In any event, in accordance with Brown, we entertain the appeal from the denial of the motion to dismiss indictment 6109.
Appellant claims that he was convicted of murder in the first degree only because the homicide was committed in the perpetration of a robbery of the deceased as prescribed by Code, Art. 27, § 410.[2] For the purpose of decision we accept this premise. He then argues that since proof of the robbery was a necessary element in the proof of the murder in the first degree, upon conviction of murder in the first degree, the crime of robbery of the deceased merged therein. Thus, he urges, he cannot again be tried for that robbery, for by so doing he would be placed twice in jeopardy for the same offense. Parker v. State, 7 Md. App. 167 is dispositive of the question. Parker was convicted of murder in the first degree and the robbery of the deceased with a deadly weapon. It appeared that the finding of murder in the first degree was *316 only by application of the felony murder statute. Parker contended, as appellant here contends, that upon his conviction of murder in the first degree the charge of robbery with a deadly weapon merged therein. We declined to vacate the robbery conviction. We held that the doctrine of merger was not applicable because murder and robbery are separate and distinct offenses. We said, at p. 199:
"Murder is homicide committed with malice aforethought, * * *; it is malice which distinguishes murder from manslaughter. * * *. As `murder in the first degree' is not a crime as such but merely a classification of murder, that the status of a first degree classification may be attained by proof that the murder was committed during the perpetration of a robbery, does not make robbery an essential element of murder and it follows that murder does not necessarily involve robbery. Nor do murder and robbery arise from the same act; the act of taking property from a person by means of force and fear is separate and distinct from the act of firing shots that kill him, even though each is a part of one general transaction and even though evidence as to the robbery is admissible as to the murder." (citations omitted)

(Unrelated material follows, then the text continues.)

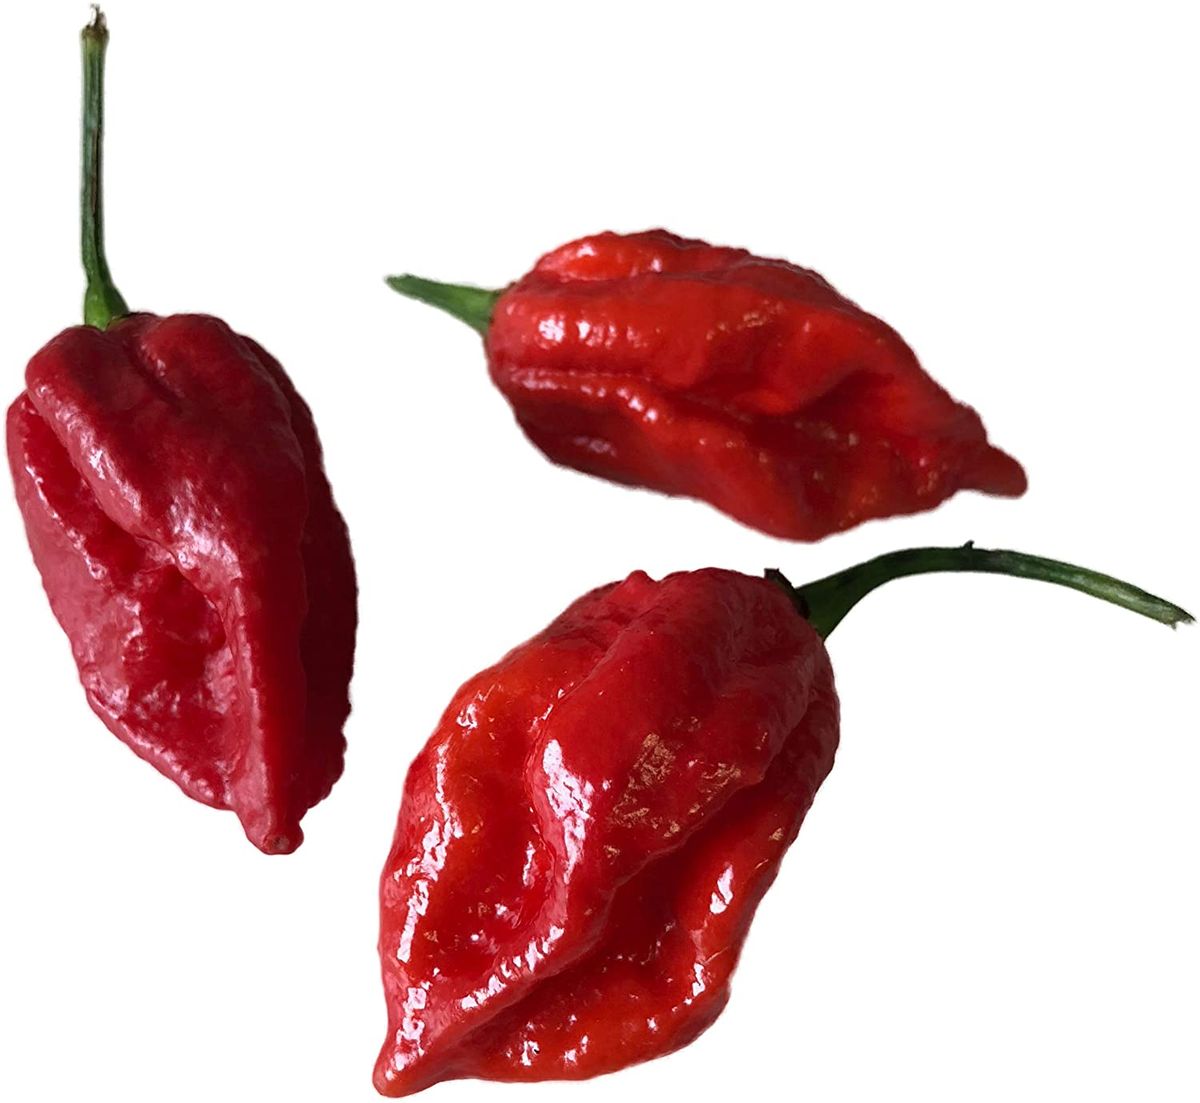 World's Hottest Chilli Peppers

We find that appellant was not placed in jeopardy at the murder trial for the crime of robbery of the murder victim. Therefore he may be tried for the armed robbery of the murder victim and offenses related thereto as charged in indictment 6109. We hold there was no error in the denial of the motion to dismiss indictment 6109.
As to indictment 6108: Appeal dismissed.
As to indictment 6109: Order denying motion to dismiss affirmed.
NOTES
[1] Appellant made no objection to trial proceeding only on indictment 6107 nor did he request the indictments be consolidated for trial. See Rule 734; Stevenson and Borum v. State, 9 Md. App. 152 (1970). Appellant's suggestion of removal went only to indictment 6107.

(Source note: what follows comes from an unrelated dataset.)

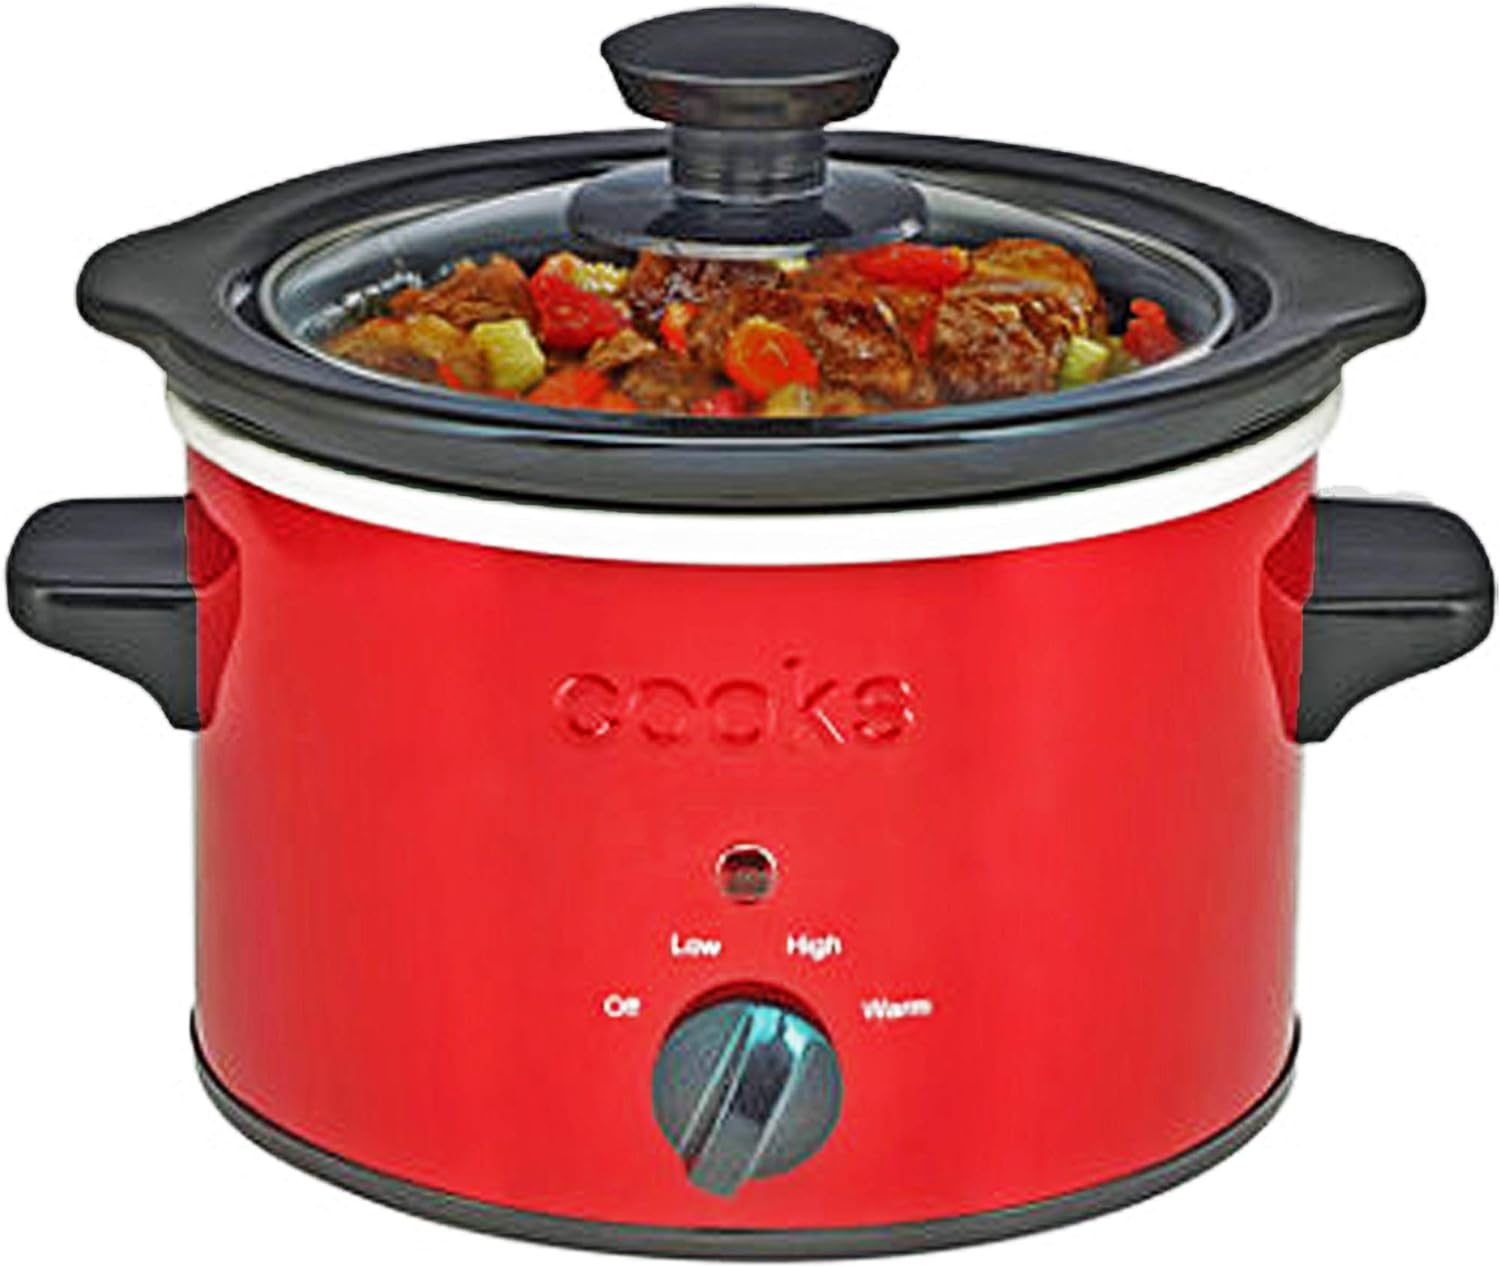 Cooks by JCP Home 1.5 Quart Slow Cooker by Cooks

[2] We have held that robbery with a deadly weapon, proscribed by Code, Art. 27, § 488 does not create a new substantive crime of "robbery with a deadly weapon" but merely provides a penalty for the crime of robbery more severe when the robbery is committed with a dangerous and deadly weapon than when it is not. Darby v. State, 3 Md. App. 407, 412-414. Thus robbery with a deadly weapon is within § 410.